The Documents Compass group of the Virginia Foundation for the Humanities at the University of Virginia has spent much of the last year proofreading and transcribing thousands of pages of letters and other papers.

The documents are now available online for free at the University of Virginia Press’ digital imprint called Rotunda...

...The online project is a federal pilot study that aims to expand public access to the papers of America’s founders. It is funded by a $250,000 grant from the National Historical Publications and Records Commission, which is a division of the National Archives.

[Thanks Resource Shelf!]

UNL's Government Comics Digital Collection

The University of Nebraska-Lincoln Library has recently put together a very unique collection of government information. Free and available to all, UNL's Government Comics Collection is a digital library containing 174 scanned comics books from various government entities. In the government realm, comics books have had a long and rich history as a delivery medium for government information. UNL has managed to successfully amass a pretty impressive collection.

(found via MetaFilter)

Cornell library removes all restrictions on use of public domain reproductions

In a "dramatic change of practice," Cornell University Library has decided it will no longer require its users to seek permission to publish public domain items duplicated from its collections. I congratulate Cornell and hope that other libraries will follow this precedent.
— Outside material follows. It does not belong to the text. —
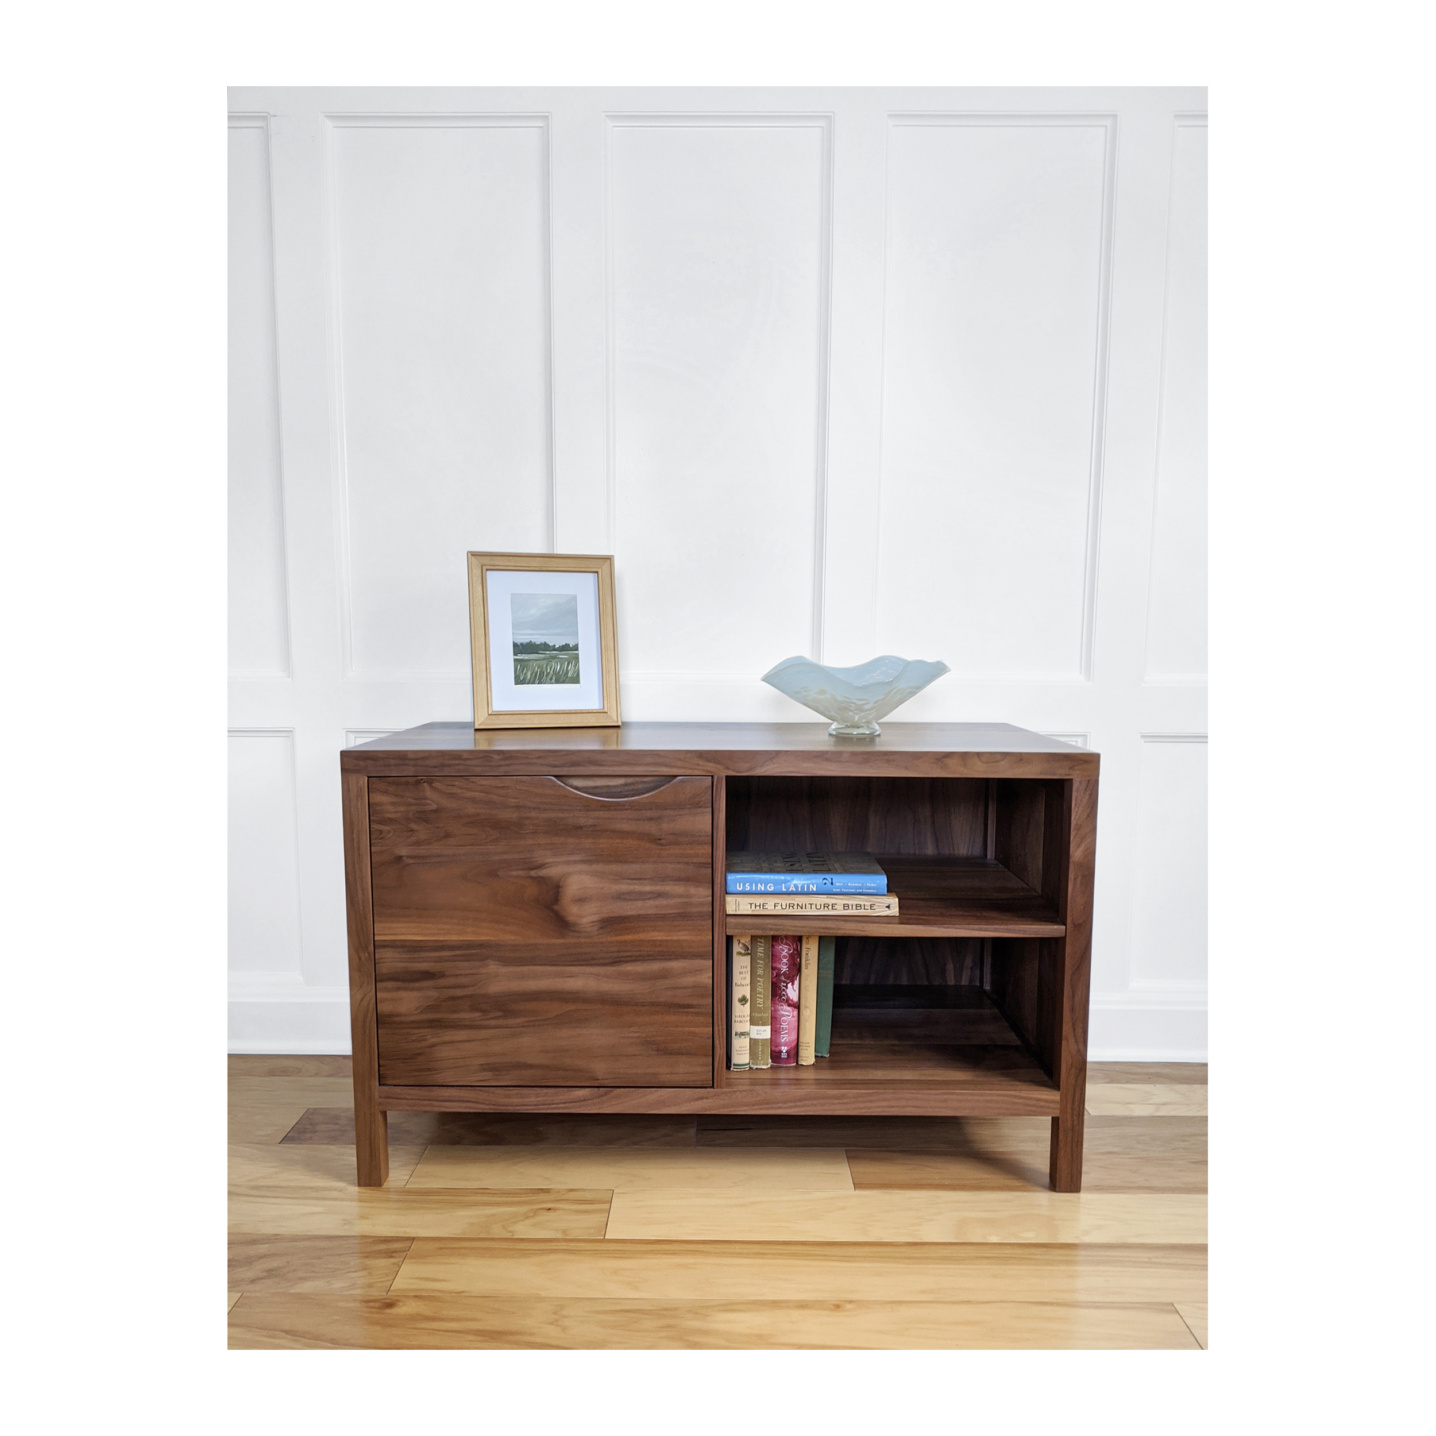 Solid walnut small media console with one door at 42 inches

"The threat of legal action, however," noted Anne R. Kenney, Carl A. Kroch University Librarian, "does little to stop bad actors while at the same time limits the good uses that can be made of digital surrogates. We decided it was more important to encourage the use of the public domain materials in our holdings than to impose roadblocks." The immediate impetus for the new policy is Cornell's donation of more than 70,000 digitized public domain books to the Internet Archive (details at www.archive.org/details/cornell).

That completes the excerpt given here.